November 21, 2019

How Financial Disclosure Could Diminish Corrupt Electoral Practices 

Guest Opinion
By David Frederick | June 15, 2019

The continuing dysfunctionality of the federal government is, in part, attributable to a single presidential candidate. His failure to comply with traditional norms pertaining to financial disclosure protocols denied voters access to information relevant to his candidacy. His repeated refusal to provide federal income tax returns, accompanied by an unprecedented barrage of intentional lies, attests to the importance of that information being made public.

Is there anything the citizens of Michigan can do to prevent the problem from reoccurring? It is perhaps surprising, but the answer is actually yes.

A fundamental axiom defining democratic republics is that citizens are not to be denied access to relevant information regarding political candidates. Included within that assumption is the right of voters to have access to verifiable information — information that enables them to determine if candidates for federal office havefinancial interests that constitute a potential conflict of interest with the duties of office they’re seeking.

Securing this right for Michigan voters does not need to be a complex process. All that is required is for the State of Michigan to enact laws establishing and/or modifying relevant financial disclosure protocols for candidates seeking federal offices on Michigan ballots.

With partisan politics currently at a notably high level of dysfunctionality, the process for implementing a financial disclosure law in Michigan will likely prove to be difficult. Nevertheless, enacting legislation sufficient to accomplish this objective requires little more than a measure of bipartisan support demonstrated by the Michigan state legislature and the signature of the governor.

The content of the required legislation would need to include something akin to the following: “In order for an individual’s name to appear on any ballot in the State of Michigan as a candidate for a ‘federal elected office,’ the documentation supporting that nomination is required to include a complete set of the candidate’s federal income tax returns for the five consecutive years immediately prior to the year in which the election is held. And furthermore, those documents are to be made available to the public for review during a period of time of not less than 120 days prior to the date of the election.”

Note that these certification requirements would also apply to candidates seeking reelection. The importance of this centers on the requirement that the requisite tax returns are for the five consecutive years immediately prior to the year in which the election is held.

Establishing requirements for this time span addresses a concern particularly relevant to candidates seeking reelection — because elected office holders over time could become more committed to enhancing and maintaining their corporate-based financial support rather than representing constituents.

Retired Supreme Court Justice John Paul Stevens brings this issue to our attention in his 2014 book, “Six Amendments: How and Why We Should Change the Constitution.” He does this by quoting a portion of Republican President Theodore Roosevelt’s 1905 annual message to Congress:
“All contributions by corporations to any political committee for any political purpose should be forbidden by law; directors should not be permitted to use stockholders’ money for such purposes; and, moreover, a prohibition of this kind would be as far as it went, an effective method of stopping the evils aimed at in corrupt practices.”
Roosevelt’s recommendation to Congress became law in 1907. For the next 75 years, it served well in protecting the integrity of our electoral process.

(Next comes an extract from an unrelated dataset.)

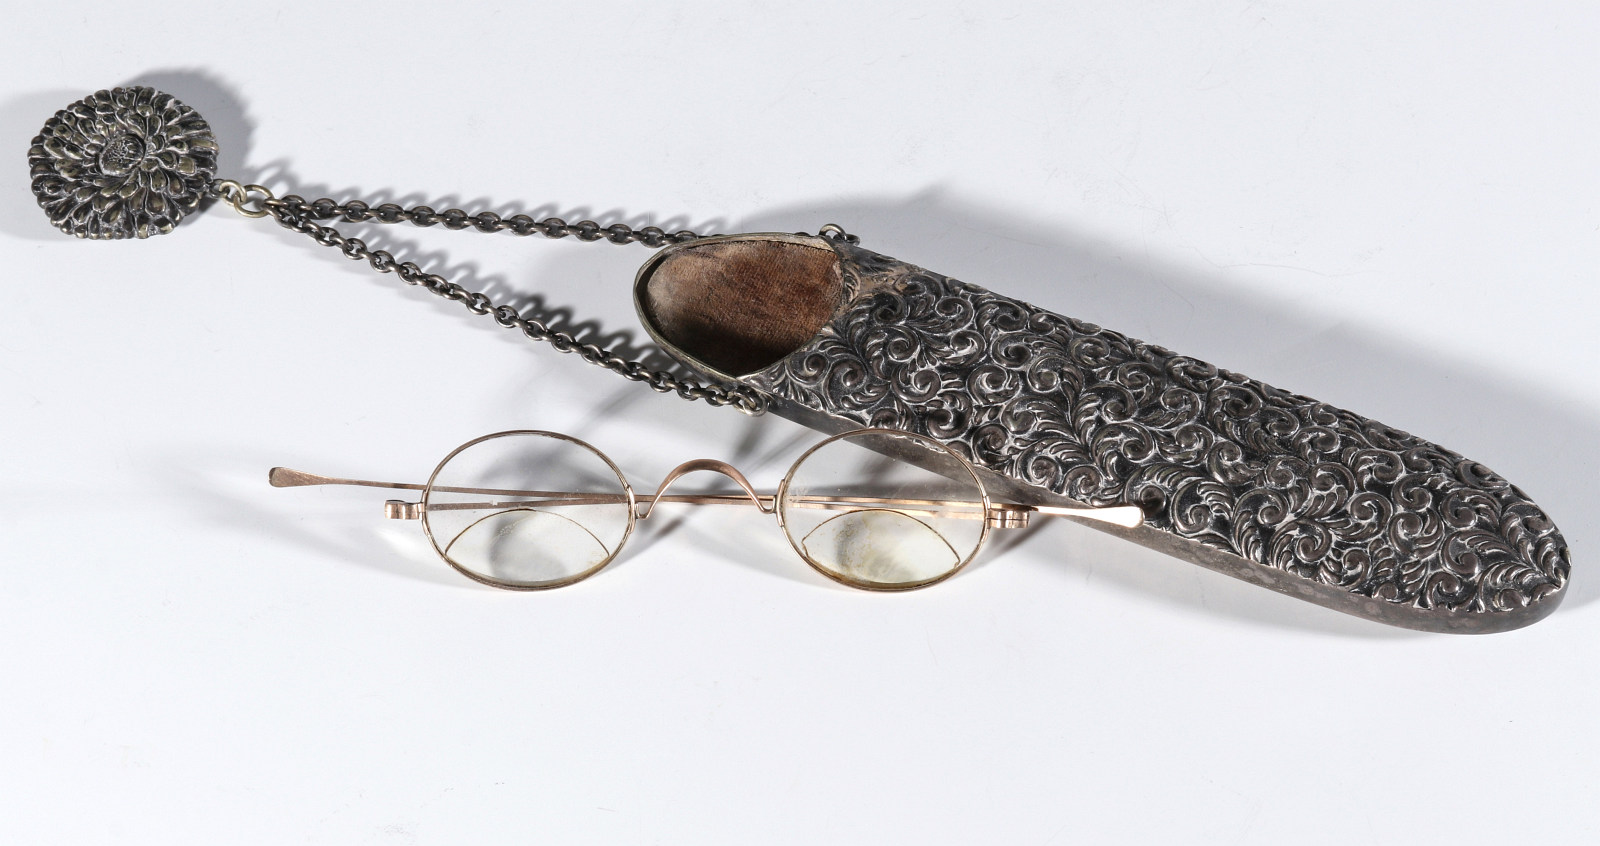 A VICTORIAN SILVER PLATED CHATELAINE EYEGLASS CASE
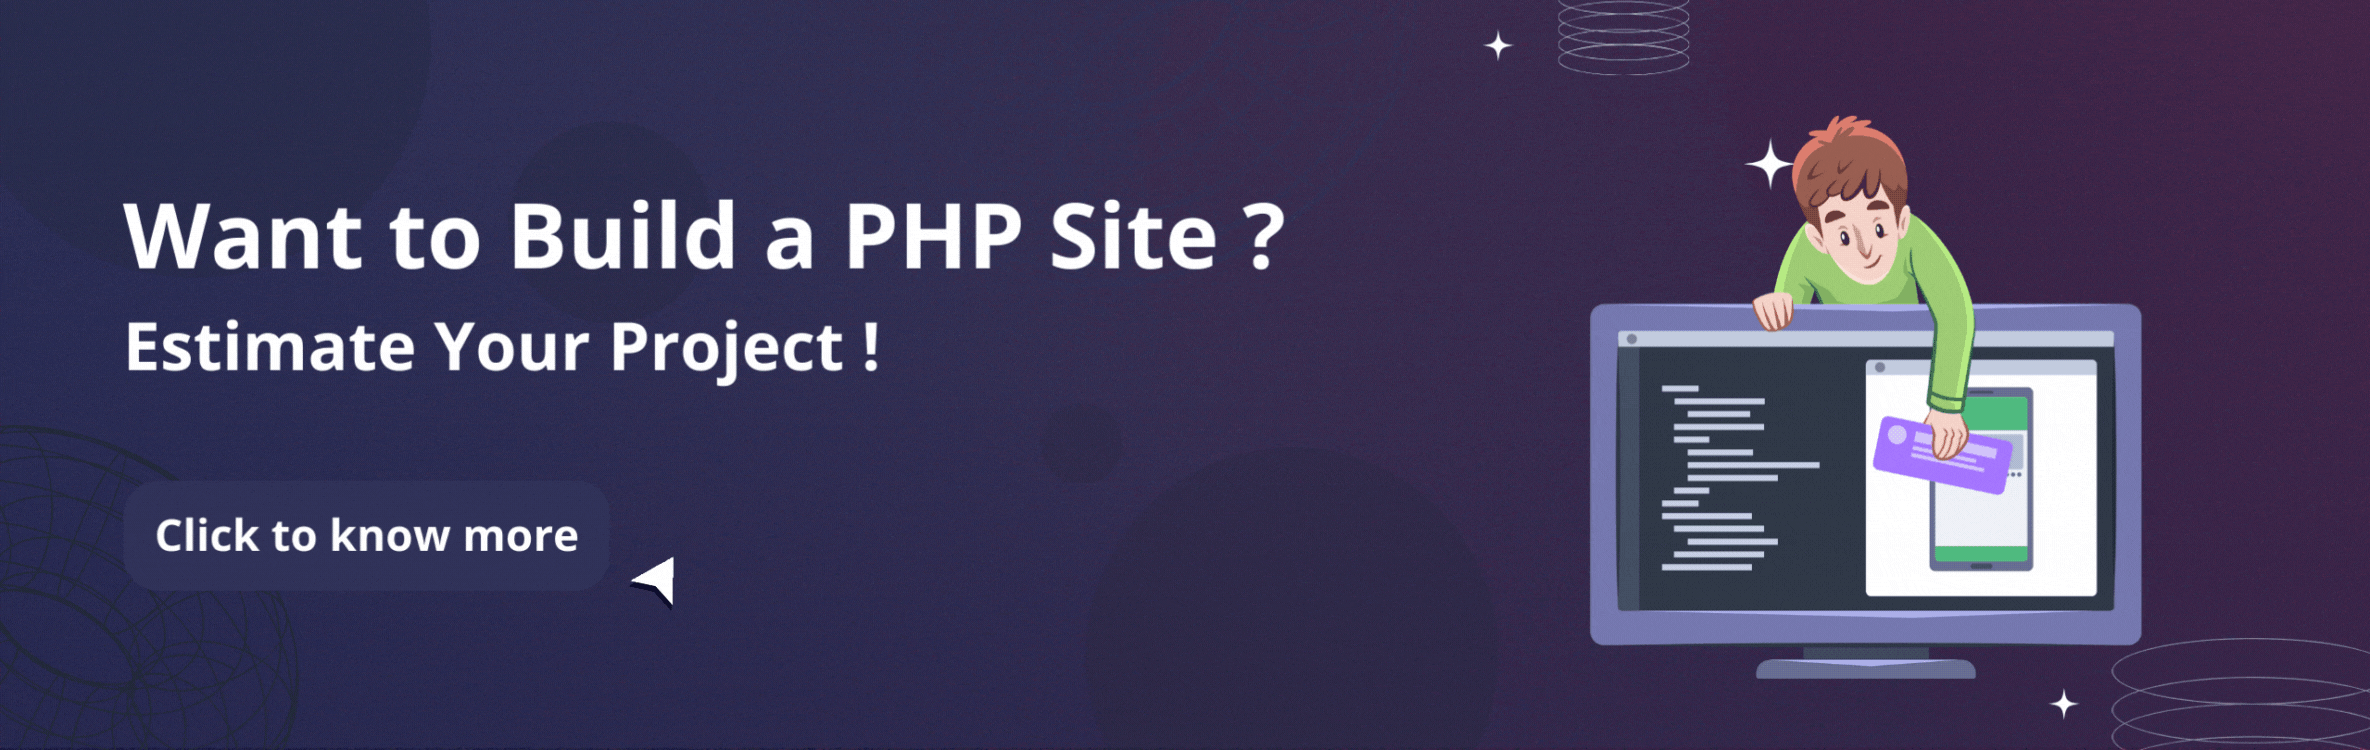  Want to Build a PHP Site

But a series of Supreme Court decisions — beginning with 1982’s Federal Election Commission v. National Right to Work Committee and culminating with 2010’s Citizens United — have unraveled the protections from the very corruption Roosevelt predicted.
If enacted, a financial disclosure concept such as that presented will be a step toward reversing that undoing. That in and of itself is justification for its enactment; there are, however, additional benefits to the concept that merit consideration. For example, tax-based financial disclosures are a nonpartisan means for the vetting of political candidates. Because the information required will be equally available to the public, news media, nominating parties, and opposition candidates, it would be difficult to logically assert that its enactment will benefit any one political party to the detriment of others.

A second benefit is the near certainty that it is extraordinarily unlikely that either of the two major political parties would nominate a candidate for president of the United States who has been deemed ineligible by the State of Michigan.
A Michigan financial disclosure law will additionally provide a path for other states to follow. As other states enact similar measures, the American experiment in developing and sustaining a nation of, by, and for the people will be better protected than it is today.
As a citizen of Michigan, you can be a part of restoring protections for the rights of American voters to have access to the information required to cast informed ballots. Uncle Sam needs the help of middle- and working-class Michiganders in reaffirming our fundamental political values. Are you there yet?

David Frederick, a centrist-based Independent, regards extremist political partisanship as a dangerous threat to the well-being and security of middle-class Americans. He further believes reestablishing coordinated grassroots truth-to-power messaging is a prerequisite for diminishing that threat.